You could think of the smithing skills as learning a series of processes. Assuming that the smelters have brought you metal which they got for the ore that miners brought. First you need to learn how to heat it evenly so when you separate chunks off an ingot, you get as much as you need, and can hammer it out pretty evenly. Hey, now you can make things like nails and crude prison-shanks. Then you might learn about shaping metal into a slightly more complex shape, so you can make horseshoes, meathooks, etc. then maybe you learn how to hammer iron into a flat, even sheet and use punches or a press to shear it. Punch a few holes in flat rectangle of iron and you have a reinforcement plate for spots where rafters join. eventually you go one to learn about turning iron into steels of various types from rigid to springy, and you learn about working with alloys where rare things like mithral have been added to the steel. You learn about keeping the core of a blade flexible but the edge more rigid so it can be sharpened. You learn about adding a fuller to a blade to reduce its weight while still keeping it strong, and you can make various types of hilts.

You pick up a collection of skills needed to turn processed materials into goods, and the various goods you can create have a list of skills needed to make them. Maybe you become a generalist who can make a wide variety of low-to-mid complexity goods, or you specialize with your eyes on a very complex end-product that requires a list of 20 sub-skills to make.

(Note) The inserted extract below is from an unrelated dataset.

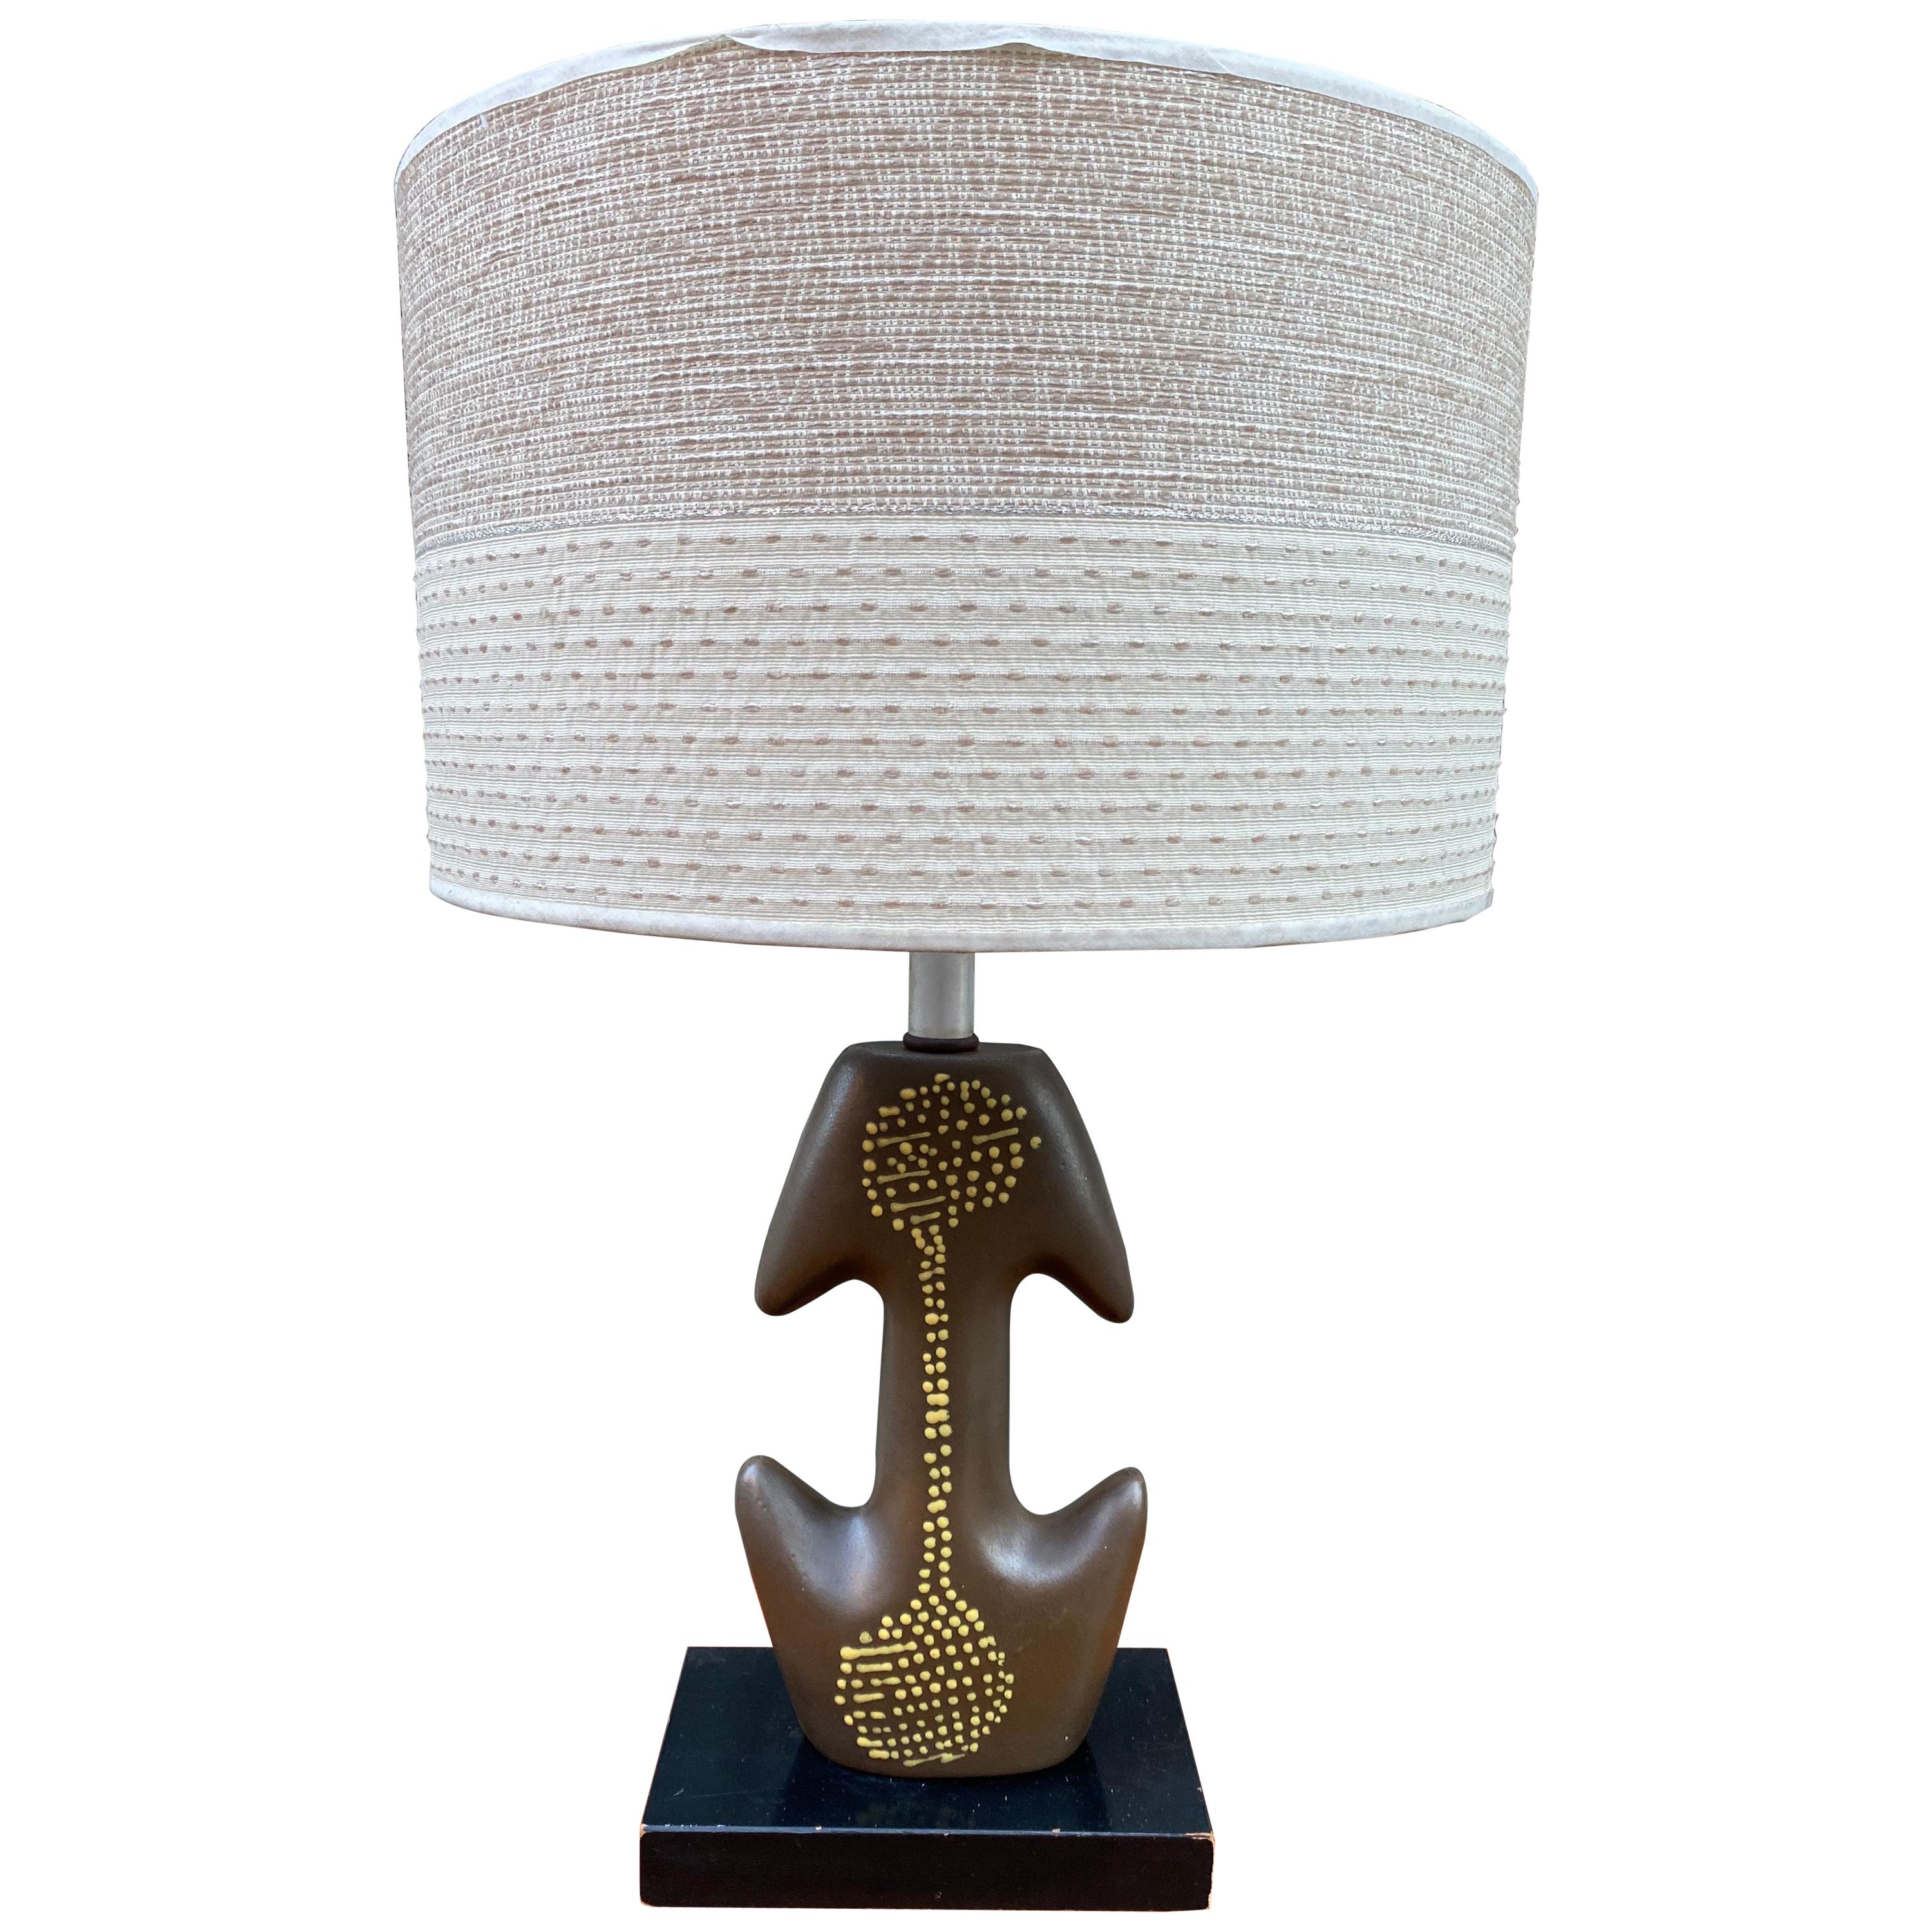 Ceramic Abstract Table Lamp

Maybe those elven swords require secrets like folding in layers of high-quality steel, mithral, and adamatine, heated with a fire mephit in the coals and a water mephit to quench it properly. The minor elementals enjoy doing their thing, but you must be able to command their respect by displaying your mastery of reshaping matter. The prospect of having to deal with such things might be why some crafters decide to stop at lower branches and diversify from there, rather than continuing to specialize.

Goblin Squad Member

Abstracting from Keovar's training example, I like the idea that not only the quality of your crafted goods improves but also the efficiency with which you can have them made. Perhaps a level 10 weaponsmith can make their weapons 5% faster and with 5% less materials than they were able to do at level 5.